Halo Financial shines the spotlight on some popular countries for overseas buyers. Each country has advantages: weather and lifestyle are important, but it depends if you’re buying a new home abroad for work; emigrating; seeking a holiday home; an investment property; or a quiet place to retire.
Diverse regions and properties; opportunities for work; and return on investment make the UK an attractive option.
The UK has long been a popular location in which to buy property, often for investment purposes. UK centers of business and finance such as London are a continued draw for those who are emigrating for work; and the housing and rental markets are both strong, post-financial crisis.
Intense demand for housing in London has pushed house prices up to 86% since 2009 when the property market dropped as part of the financial crisis. Recent studies also show that cities outside the South East of England are confident in the ability to buy a property and have not been affected by the UK’s vote to leave the EU.
One of the fastest-growing economies in Europe, Ireland ranks highly for both living and working.
Ireland is a land of natural beauty, steeped in history. Its appeal has grown in the past five years or so, as the country picked itself up admirably following a very troubled time during the financial crisis. The pace of life is calm, with plenty of scope for employment and education opportunities.

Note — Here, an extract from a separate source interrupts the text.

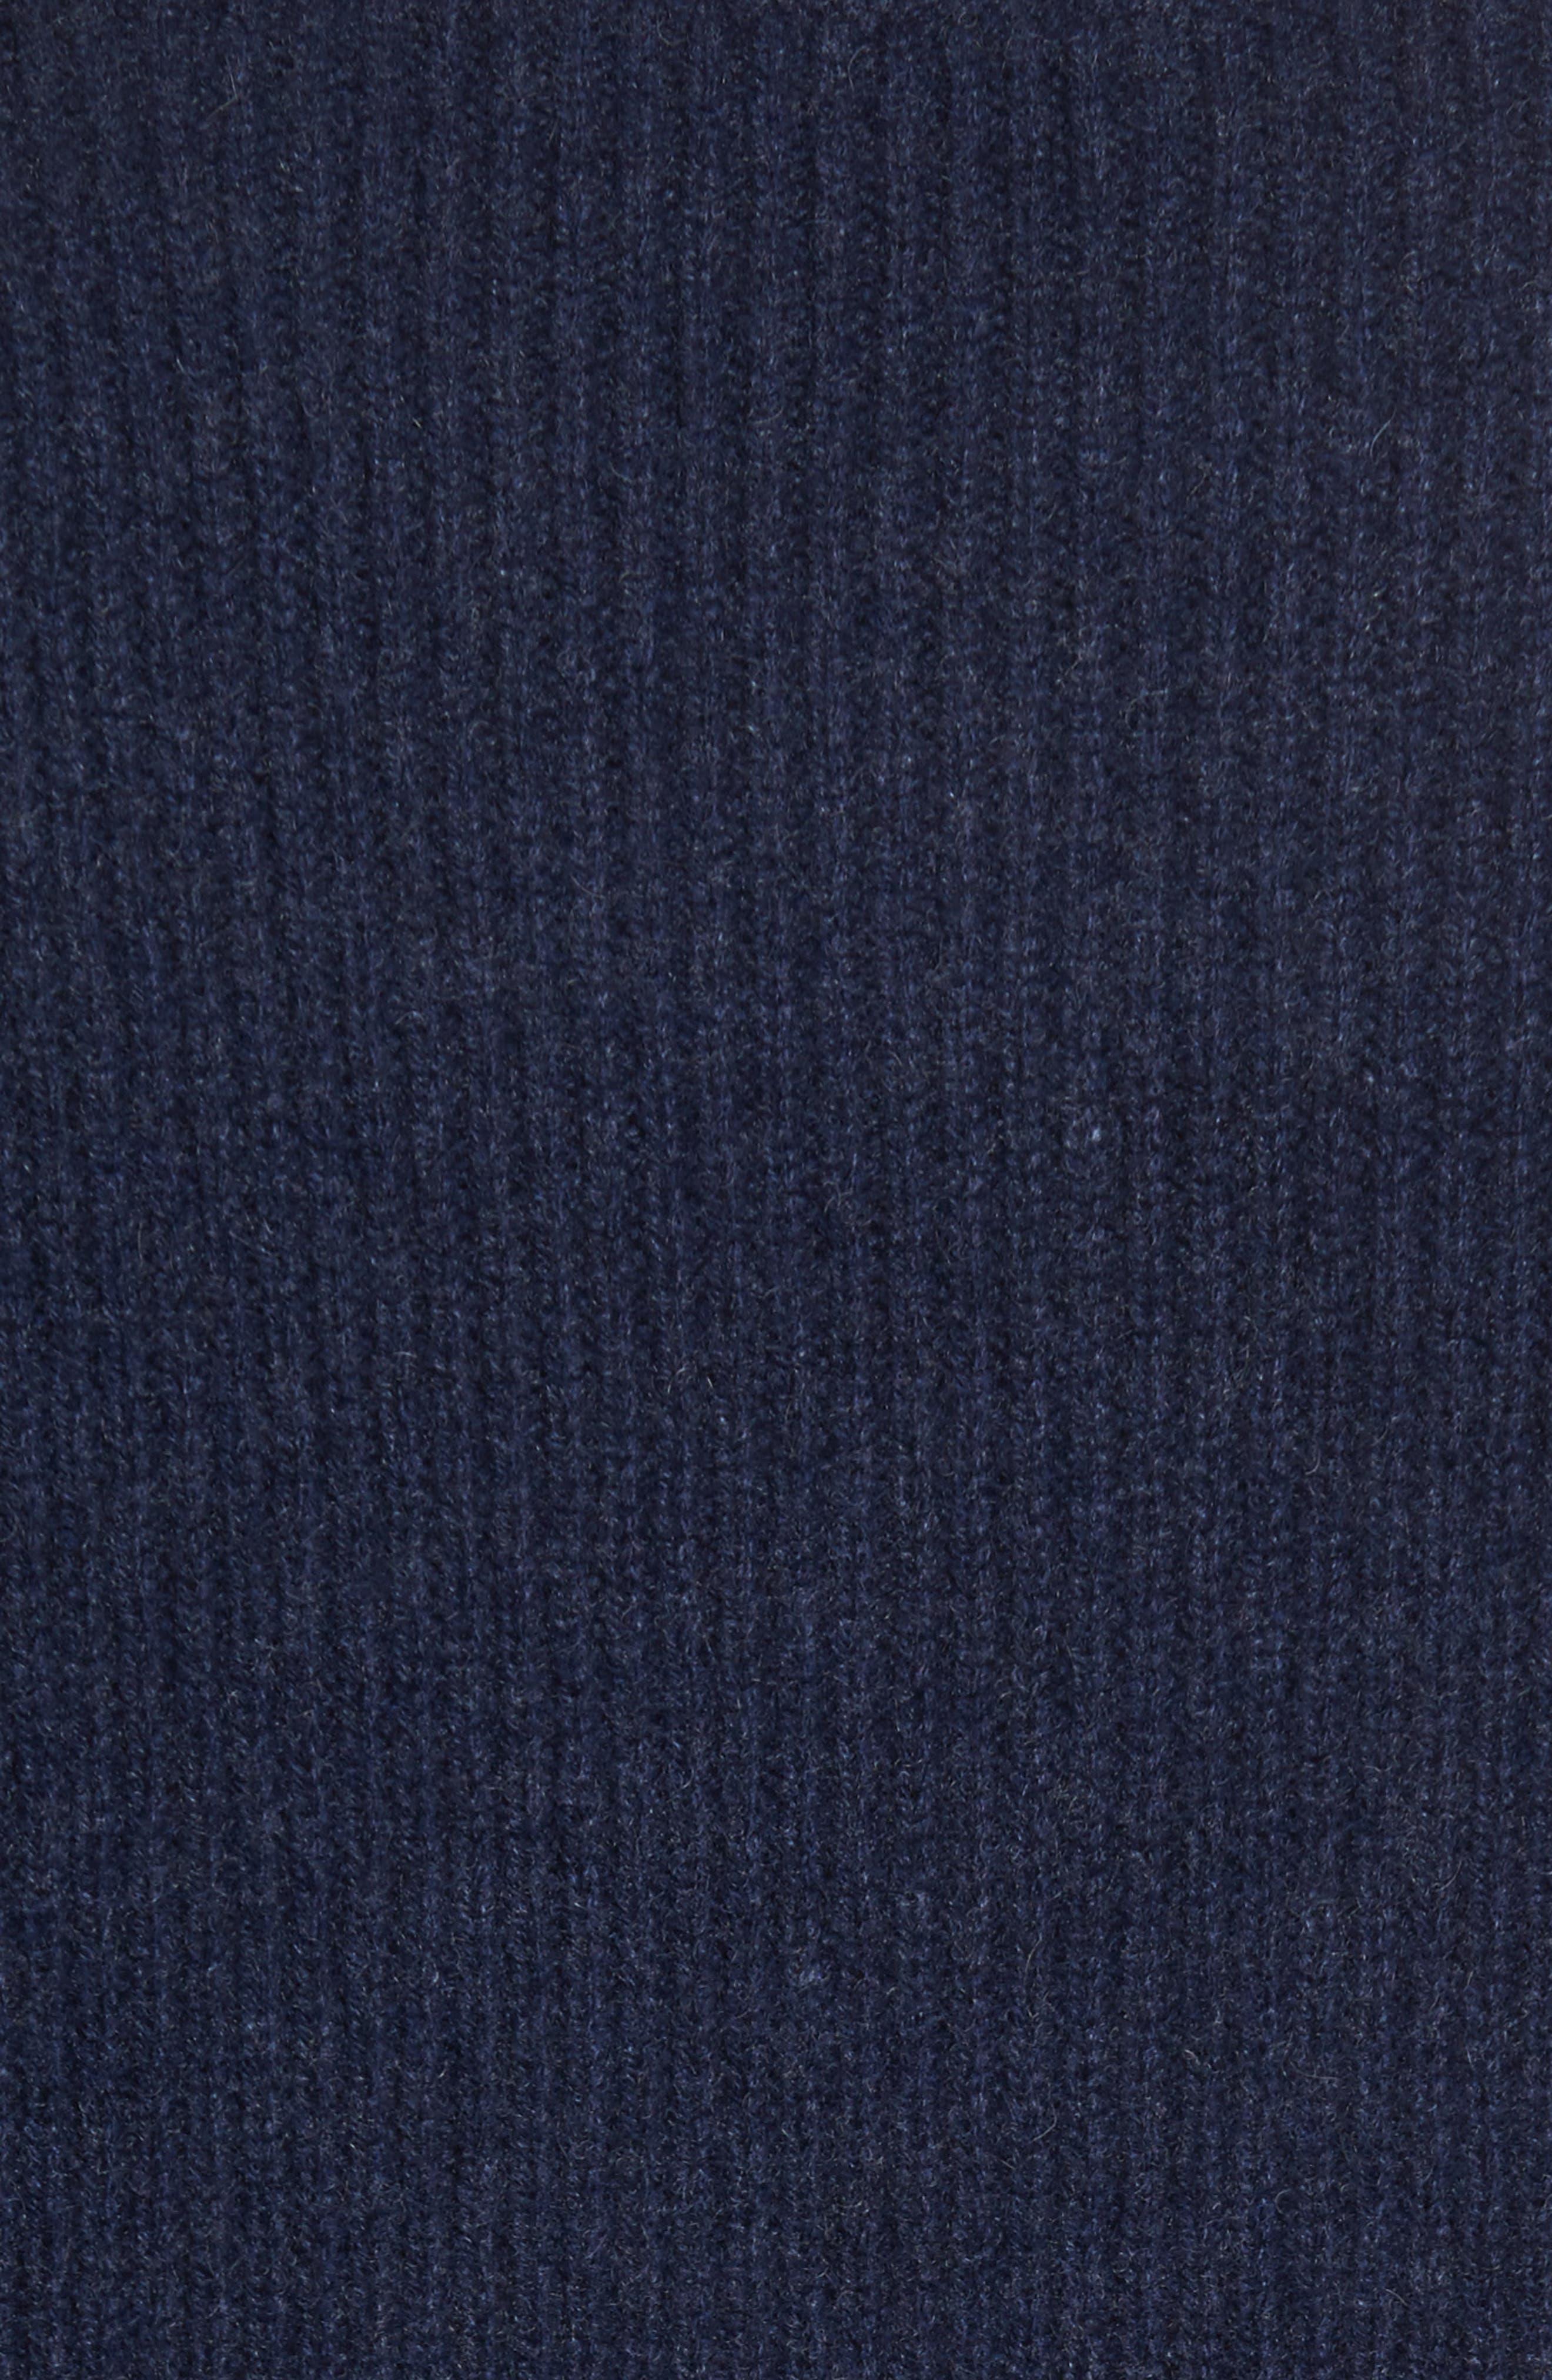 Ribbed Wool & Cashmere Raglan Sweater,                             Alternate thumbnail 6, color,                             Coastal

There has been somewhat of a property boom in Ireland since 2015, and according to recent figures, the country now offers the best buy-to-let rental yields in Europe, 6.54%, topping the league tables above the Netherlands, Portugal (6.33%), and Turkey (6.32%).
Ireland does not make any restrictions on foreigners buying property in the country; indeed, Ireland caters well to international and overseas businesses, which have seen a remarkable rise in recent years.
Ireland is now one of the fastest-growing EU economies, recently ranked as the sixth fastest worldwide, and is attracting global technology companies such as Microsoft, Facebook, and Google.
With Brexit on the horizon and the Euro generally strong against the Pound, some major financial services firms are also looking to Dublin, in particular. Continued investment and financial growth mean that Ireland continues to appeal to homebuyers for investment purposes and for those wishing to emigrate to live and work there.
With its stunning beaches, sunshine, and a gentler pace of living, Spain has long been popular with expats, holiday home buyers, and property investors alike.
Spain is a popular and easily accessible tourist destination for all nationalities, with its sunny Costas and islands holding enduring appeal for holidaymakers and homebuyers alike. The country still tops the list of most popular countries for overseas buyers, with the enduring appeal of Spain’s diverse destinations regularly featuring in property hotspot surveys.
Having been hit hard by the financial crisis, construction is back on the up and property prices are going up, too, having hit low levels as a result of the crash.
House prices in Spain are increasing, yet properties remain affordable. Mortgages are currently at a very low rate in Spain; another attraction for would-be property buyers, and with volatile exchange rates, would be overseas buyers are hunting out the bargains.
Spain’s housing market and economy continue to recover, with considerable interest from overseas investors in the cities and popular coastal resorts.
Alicante, Barcelona, and Valencia remain the most popular areas with international property buyers. Recent property sales figures for Spain show that Madrid, Catalonia, Asturias, Almeria, the Balearics, and the Canary Islands were all popular with overseas investors. This overseas interest is contributing to Spain’s economic recovery.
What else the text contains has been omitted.